Monday 25 June 2012

My new Remington Groom Innovation Touch Control Beard & Stubble Trimmer has self-sharpening, self-oiling, titanium coated blades. Its touch control technology offers the freedom to shave at 175 different shaving lengths. After just 90 minutes of charging, its lithium-ion battery lasts for up to 40 minutes.

It's a shame I'll never get to open it.

At 10.48am today, Monday, 25th June 2012, Babyliss came through for me.

They had been aware of my struggle. They were aware of the ridicule. They were aware of the taunts and of the bullying and of the hiding away from strangers. They were aware of the fact I'd been laughed at by over two different local beauty salons when I'd enquired as to whether or not they employed anyone with the expertise necessary to dye a two week old ginger beard. And at 10.48am today, they reacted.

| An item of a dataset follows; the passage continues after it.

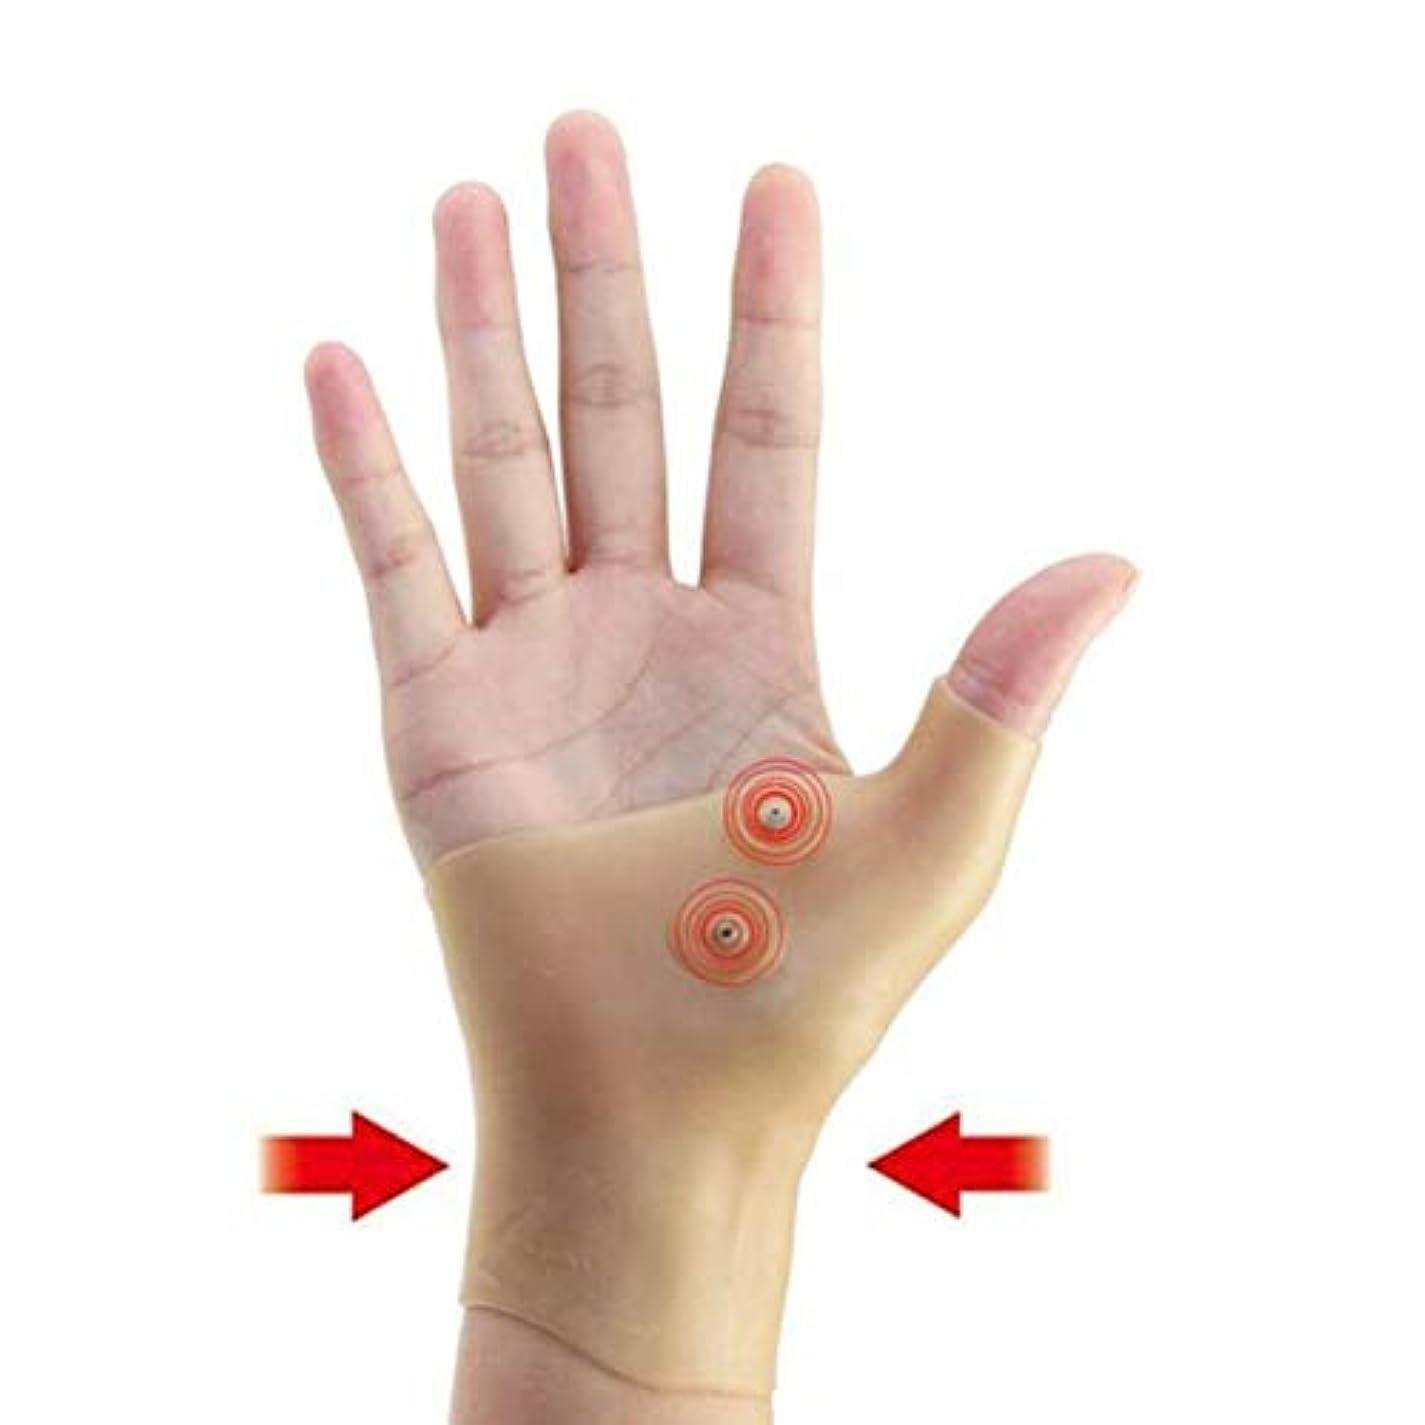 ミュウミュウスカウト領収書磁気療法手首手親指サポート手袋シリコーンゲル関節炎圧力矯正器マッサージ痛み緩和手袋 - 肌の色

In all honesty, as much as I was hoping Babyliss would have the heart to replace my beard trimmer, I never really thought it would happen. Because they were a business, and businesses exist to make a profit, and not to feel sorry for sad and unshaven immature annoyances with no girlfriends and too much time on their hands.

But at 10.48am today, they proved they did have a heart.

Their message read:

"Thank you for your email. If you would like to return this to us we will repair and replace this for you under the terms of the warranty"

Never before have I experienced such service. Never before had a product I'd bought over two years ago broken and been replaced, mainly because never before had a product I'd bought over two years ago still functioned two years down the line.

So thank you, Babyliss, for agreeing to replace my 7855U I-Trim Stubble All Over Hair and Beard Trimmer, which itself has a motorised digital control system and 30 ultra precise length settings to give you the exact stubble look you want, a rechargeable battery that lasts up to 30 minutes for total convenience and self oiling, 'auto-lube' blades.

OK, the blades aren't self-sharpening, but if they're a bit blunt a couple years down the line I'm sure you'll replace them.


Thank you, Babyliss, for your co-operation. Thank you, Beloved Reader, for staying with me til the end. And thank you, Joe Barritt, for when I was at my lowest, when I was forced to stay in for the 11th night in a row, when I was contemplating ending it all with an agonising and almost certainly rash-inducing blunt-bladed wet shave, I remembered that you too had a beard, and that your beard looked pretty damn sexy.